Money, well spent?

Lavish Texas HS football stadium contrasts budget concerns here

A warm morning in mid-August, and across Central New York the rituals start up again.

Put on your helmets. Line up. Stretch out. Run from one end of the field to the other. Learn to block, tackle, throw, catch and kick. Then put on the pads at the end of the first week and start hitting each other – cleanly, we hope.

Three weeks and one scrimmage later, it’s time to play for real. On the night of Aug. 31, dozens of games will kick off, community events in front of hopeful crowds looking for hometown heroes to celebrate and congratulate.

As this goes on, the season also opens at Allen High School, in suburban Dallas, where the local team, the Eagles, meets Southlake Carroll, the reigning state champions. They do so in a new stadium.

Eagle Stadium cost $59.6 million to build. It seats 18,000.

Drink that in for a few moments, especially if you’re one of those types that complain and moan every single time your school taxes go up, even if it’s a penny or two. And ponder that every single time you say there’s too much emphasis on high school sports.

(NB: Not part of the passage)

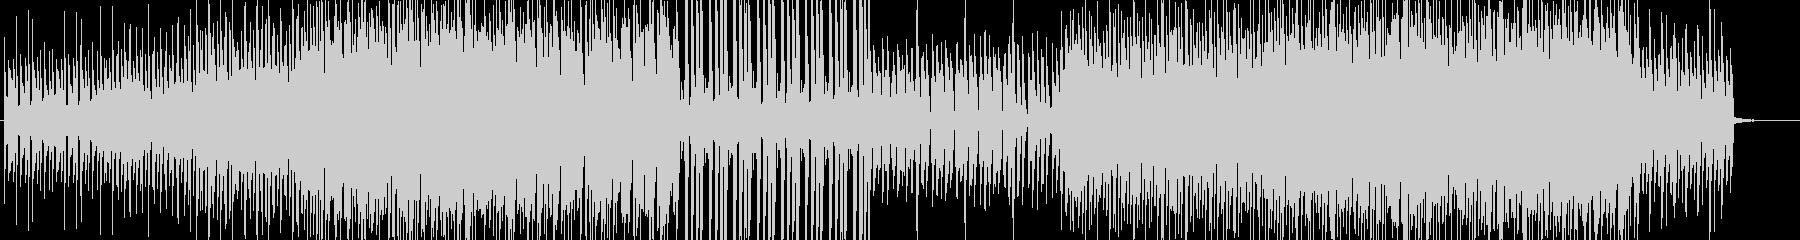 PV-星空★-ダンスポップ・エレクトロの未再生の波形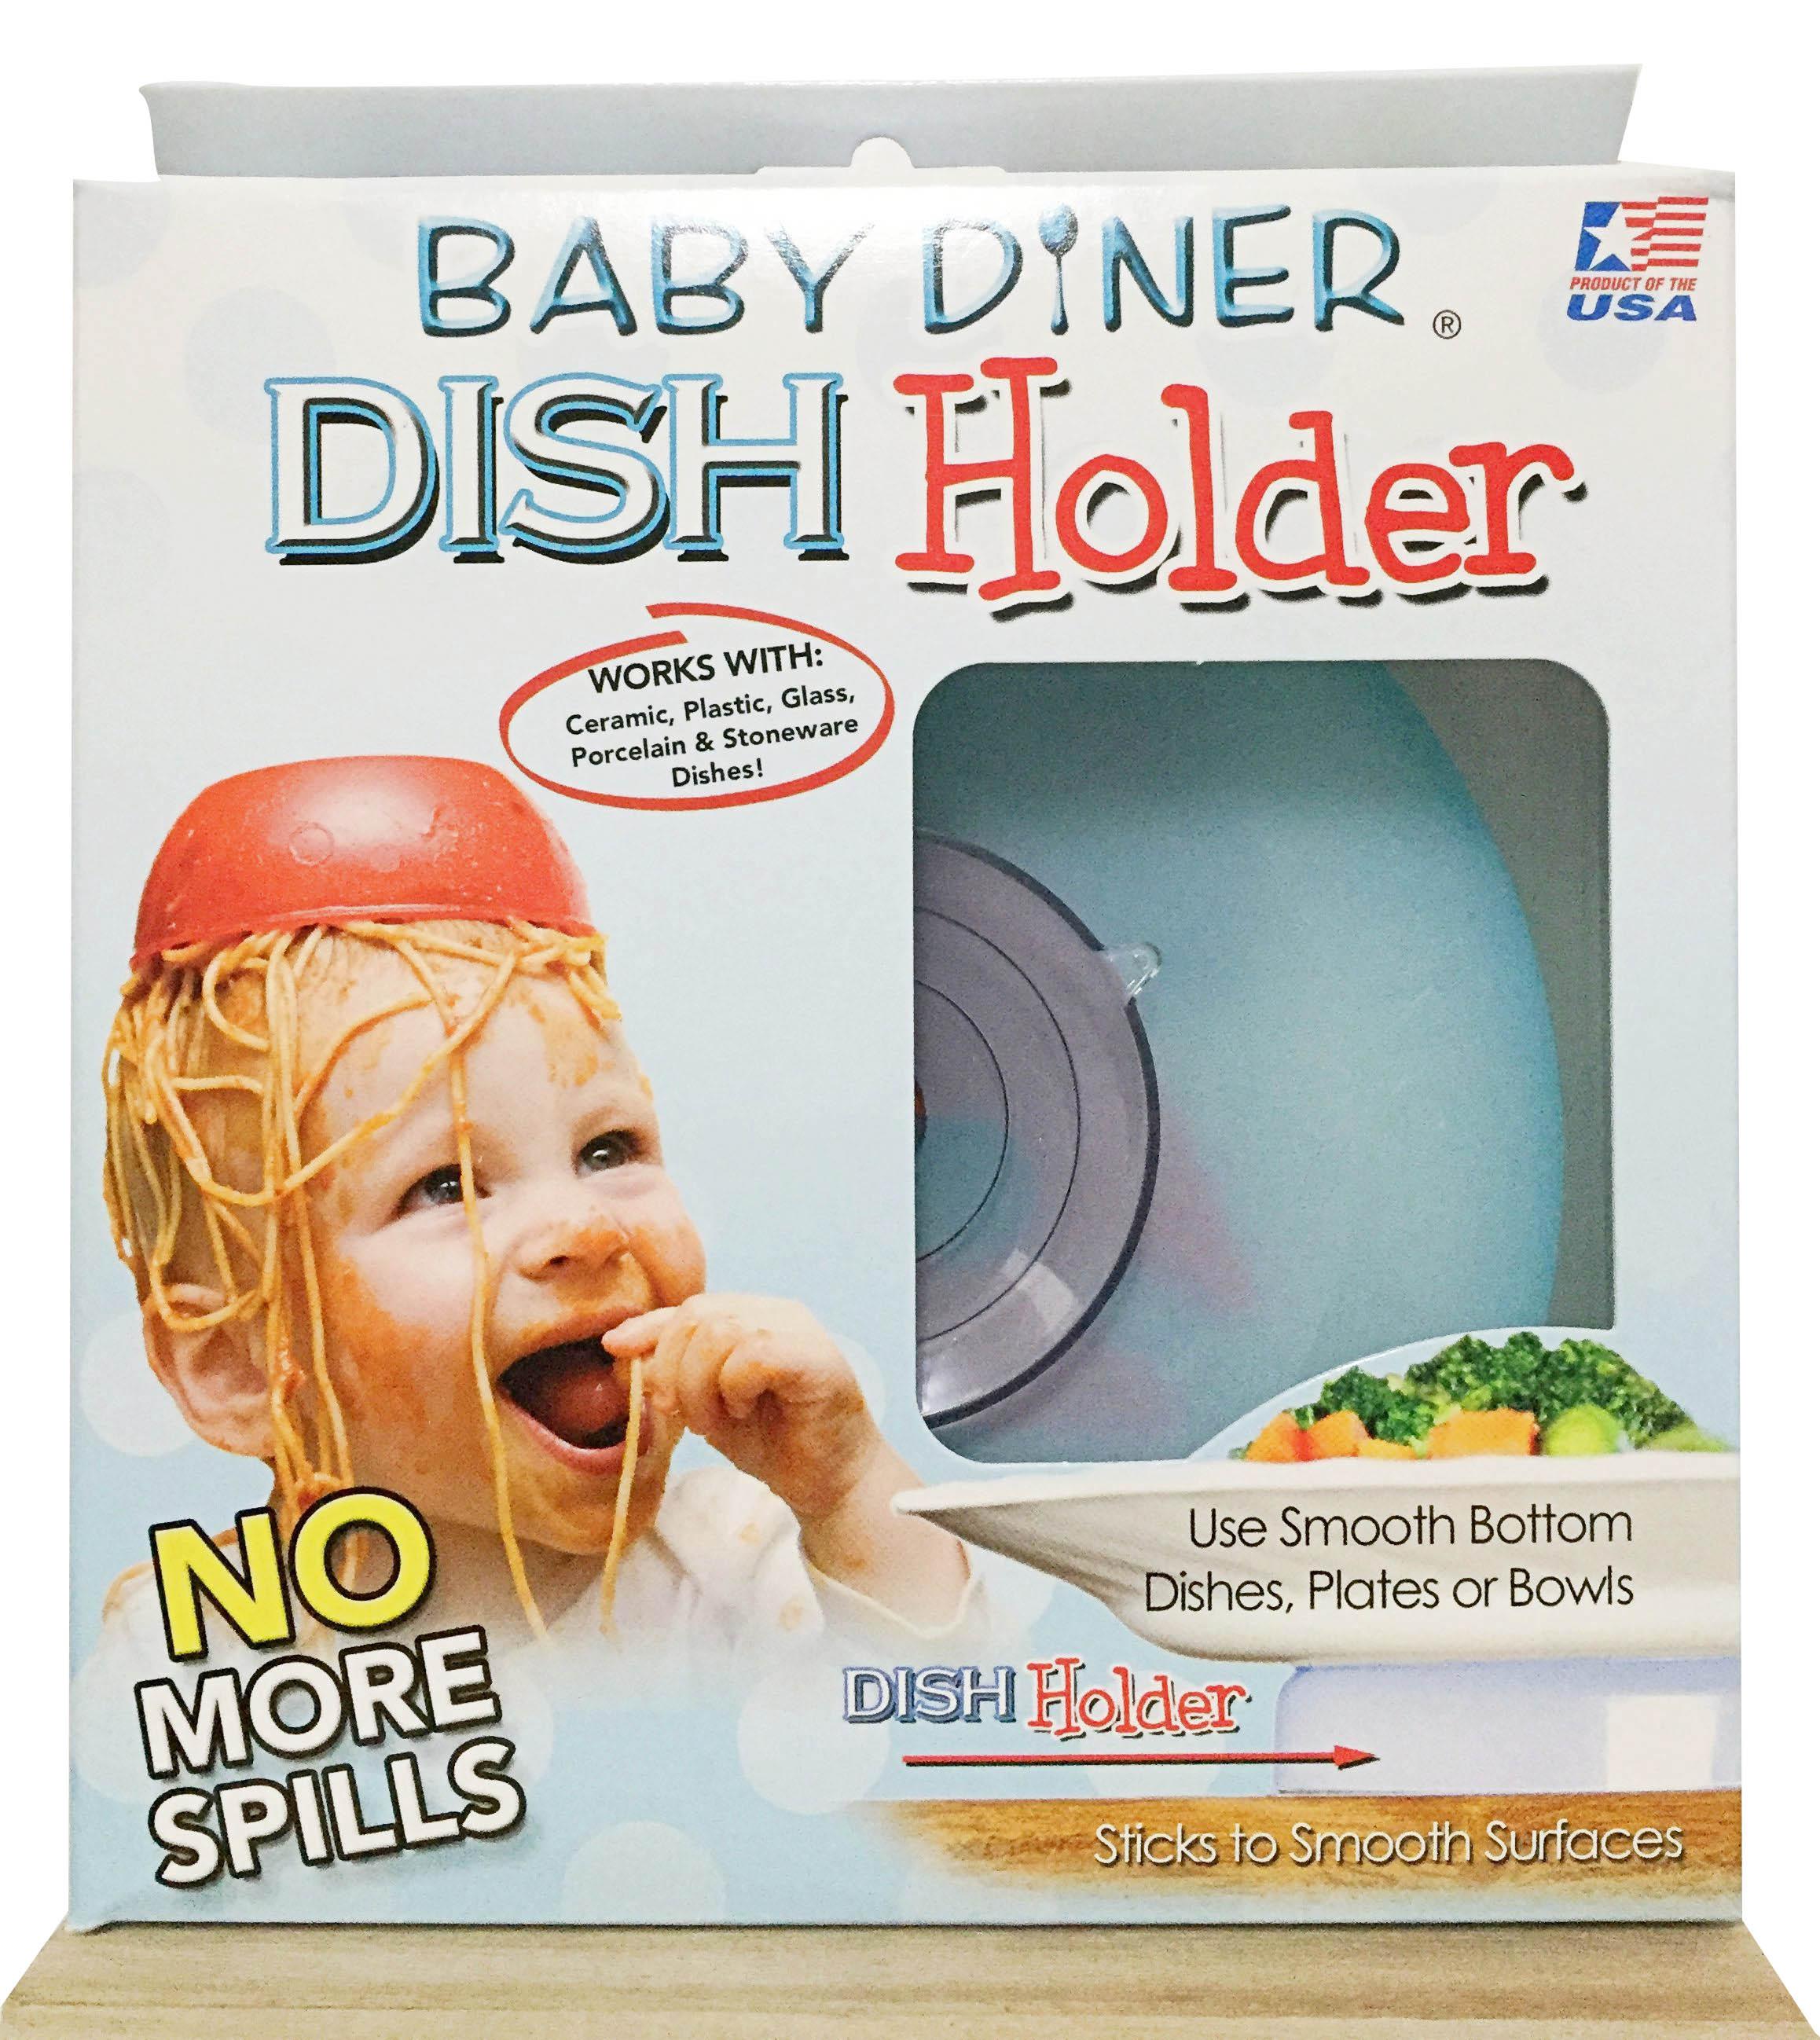 《★Baby Diner Dish Holder 》嬰兒餐具強力吸盤架 美國代購 平行輸入 溫媽媽

Now let’s bring it into the proper context (if that seems possible). Allen is a very, very large high school, even by the large standards of Texas, with nearly 5,400 students in grades 9-12.

Eagle Stadium, gaudy as it is, was part of a larger capital project costing $119.4 million. It was overwhelmingly approved by district voters and included a brand-new auditorium and transportation center, among other needs. Even the stadium has facilities other sports teams will use to their benefit.

So what was the old stadium like? Opened in 1976, it sat ‘only’ 7,200. They needed 7,000 temporary seats to meet demand over the ensuing decades. Visiting teams dressed in a gym, and with minimal on-site parking, most of the fans had to arrive through shuttle buses.